How AI Headhunting Could Impact Traditional Headhunting
As the technology develops you’re likely to see self-service headhunting applications hitting the market. These will allow employers to hunt for the right prospect themselves, eliminating the role of traditional headhunters. These apps will further shift headhunting practices into a proactive space that considers candidates that aren’t actively looking for a job but could be wooed away for a better position.
It’s certainly possible that one day headhunting AIs will be sufficiently sophisticated to handle the entirety of the headhunting process, but this is still a long way off. For now, AIs can help facilitate the beginning of the process, but the results they generate still need to be vetted by experienced headhunting professionals.
For the foreseeable future, AI headhunting algorithms can be useful, complementary tools alongside traditional headhunting practices, but they shouldn’t be used on their own. You need the human touch that only a traditional headhunter can supply.
Traditional Headhunting Can’t Be Replaced
AI can passively parse huge amounts of data about tens of thousands of candidates in the time it would take a human headhunter to properly vet a single candidate. This would seem to be a win no matter how you view it. However, this passive approach is limited in a number of ways.
For one, an AI headhunting algorithm is only as good as the data it has access to. Because the data collection process is automated, there isn’t a person verifying data quality, and the AI isn’t smart enough to question whether the data it’s accessing is accurate or complete.

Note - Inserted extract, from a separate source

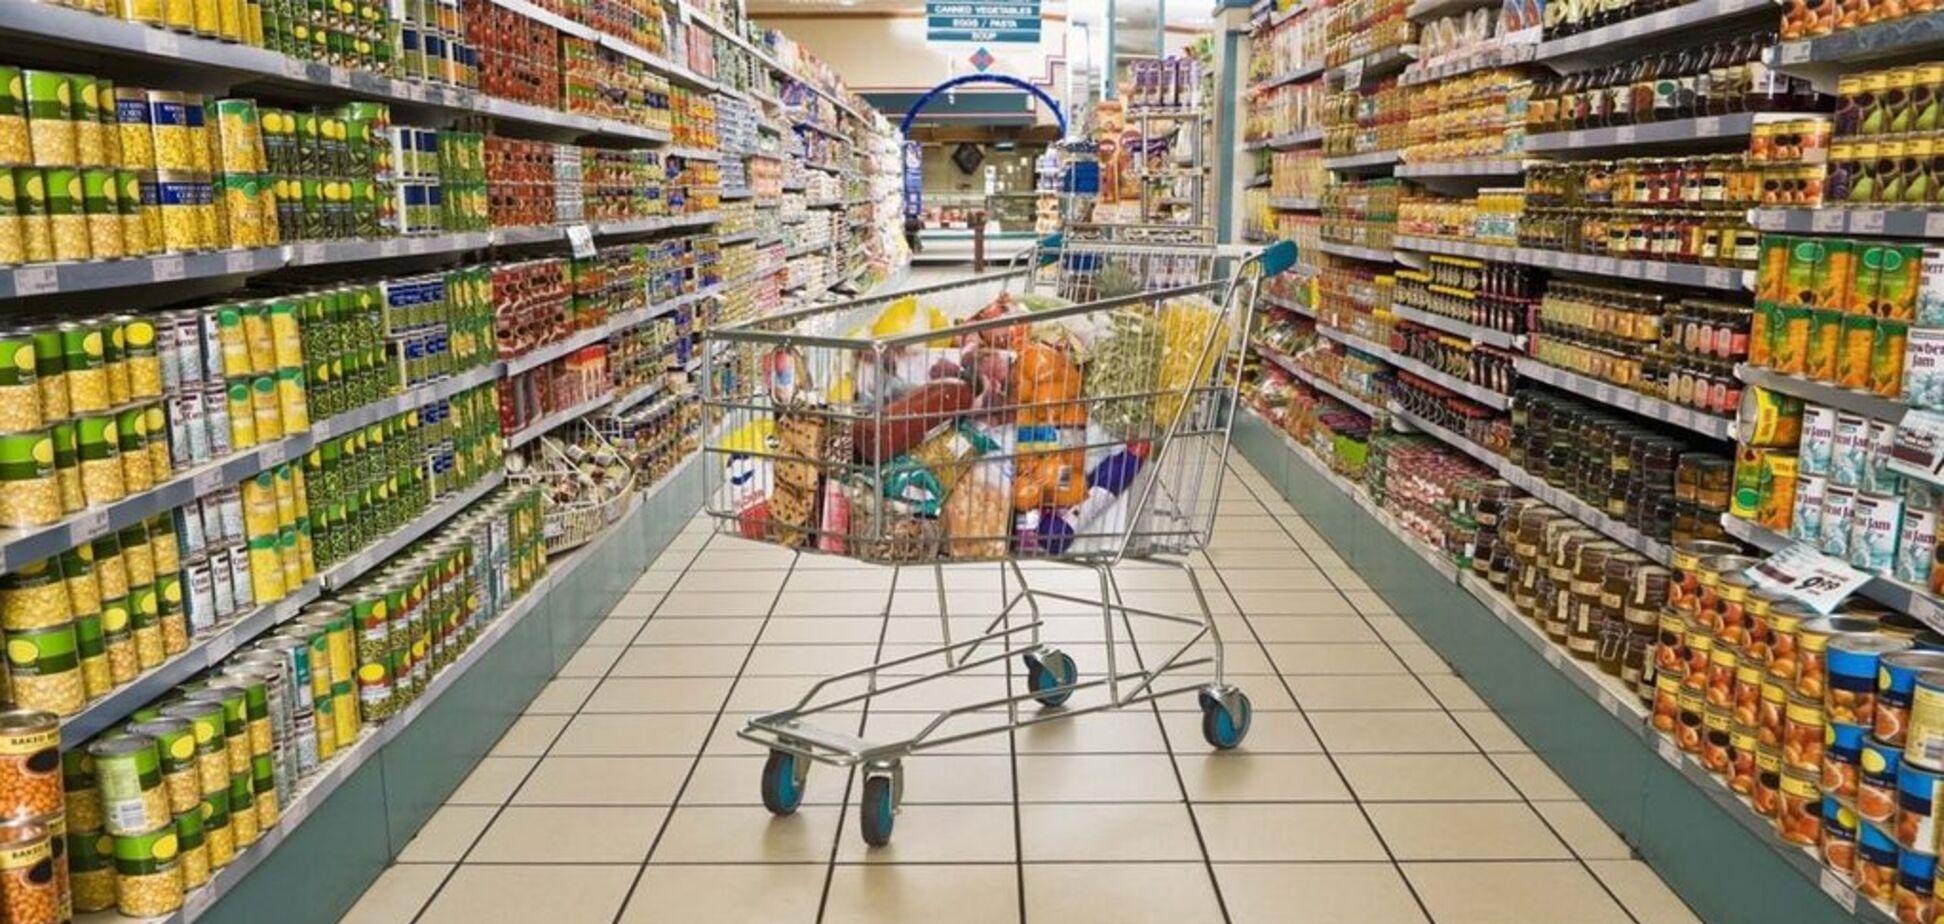 Працівники продуктових магазинів розкрили похмурі секрети і жахнули всіх

As a result, the matches headhunting AIs make can be faulty, or worse, biased. While the AI itself has no bias, the data it gathers could be, and this biased information will be processed unquestioningly by the AI. A human headhunter can look for and eliminate mistakes in his or her thinking. AIs don’t have that sort of reflective capacity, and so if one makes a mistake the faulty recommendation will be offered without any warning.
The other difficulty in trusting an AIs output is that the more an AI learns through unguided machine learning processes, the harder it becomes for humans to understand how the AI makes its decisions. In short order, it becomes impossible for a person to comprehend how the AI works.
This is problematic because employers have no choice but to blindly trust the AIs recommendations. There’s simply no way to verify what it was that caused the AI to pick one candidate over another. It then becomes difficult to follow up with candidates and verify their qualifications.
For Now, Traditional Headhunters Are Still the Best Choice
AI headhunting is an interesting technological development, one that will likely become a larger part of the headhunting process in the future, but traditional headhunting is still immensely useful in finding and qualifying potential candidates. Human headhunters aren’t perfect, but they can rely on intuitions honed by years of experience. They can’t parse data as quickly, but they have an innate sense of what makes a good candidate match. This means they can do more with less information.
AIs are great with data, but they can’t understand human psychology. They see information, but they can’t see the person. Good headhunters rely on information about a candidate’s skills, work history, and qualifications. But they also use ephemeral human qualities that AIs can’t conceive of. These could be subtle personality traits that might render a candidate that’s otherwise a perfect paper match a terrible fit for a specific company.
Humans are simply too complex to be reduced to cold, clinical datasets. AIs are able to see patterns in the data the humans will miss, but they’ll never truly understand the person that the data represents. One day it might, but that’s years in the future. For now, traditional headhunters will continue to be your best option for finding the right candidate for our open positions. It might not happen as quickly, but you’re more likely to find an ideal candidate with staying power.